If you’re worried you live in a landslide hotbed, the US Geological Survey has an interactive map showing areas of high risk.
And if you’re thinking about purchasing a home, Brine shares that “your lending institution may require a geological survey and DIC policy in place before they will provide financing.”
Of course, it’s also a good idea to do some research on your own. Then you’ll know what you’re getting yourself into and not be totally surprised if a landslide damages your home.
Q: What’s the difference between a landslide, mudslide, and mudflow?
A: Both landslides and mudslides are considered earth movement, while mudflow is from an excess buildup of water and soil.
Q: Even if I don't live in an area that's prone to landslides, could one happen anywhere?
A: Klotz says the answer is yes. “Landslides can happen in areas where they are not expected.
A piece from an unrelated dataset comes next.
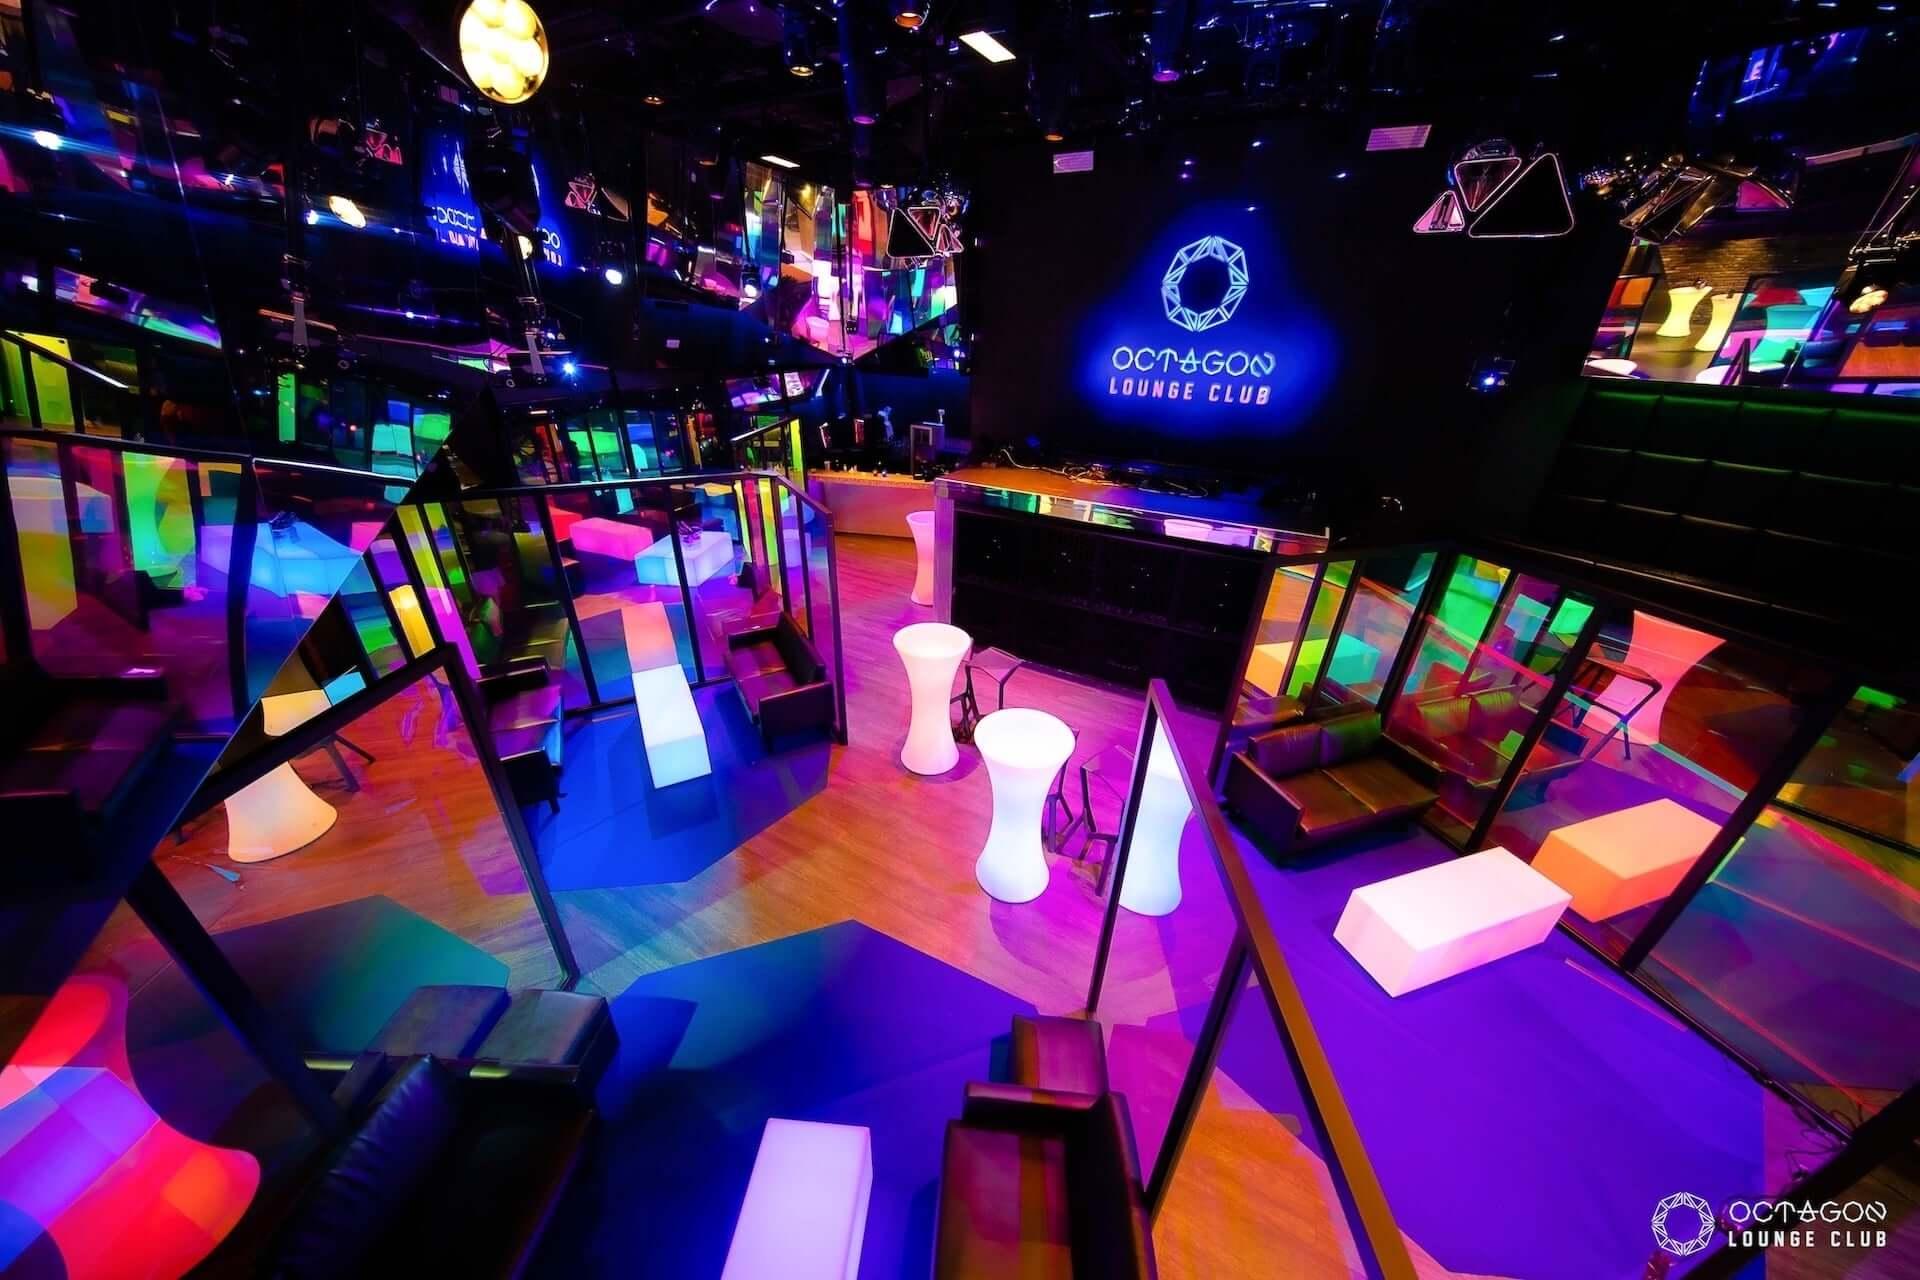 六本木「SEL OCTAGON TOKYO」が日本初のラウンジクラブとしてリニューアルオープン!個室感覚の新たなナイトライフを提案 music201006_sel-octagon-tokyo_14-1920x1280

For example, Oso, Washington, experienced a devastating and deadly landslide in March 2014 with no warning.”
However, if you live on flat, arid land, your risk for landslide will be miniscule compared to someone living on a hillside.
Q: Are any parts of the US especially prone to landslides?
A: Yes, according to Brine. “In general, coastal areas, hilly regions where mountains are undercut by river valleys, and areas of the country where the soil is often damp [or] soft—like Florida, where there are many sinkholes—are more prone to non-earthquake earth movement.” Meaning they are more prone to landslides.
Q: Why doesn't standard homeowners or renters insurance cover landslide damage?
A: Landslides can be catastrophic, which means they could cost insurers hundreds of thousands of dollars. For this reason, many insurers opt out of covering them. That’s why you have to purchase a Difference in Conditions policy if you need landslide insurance coverage. Check with your homeowners insurance provider about how to purchase a DIC policy.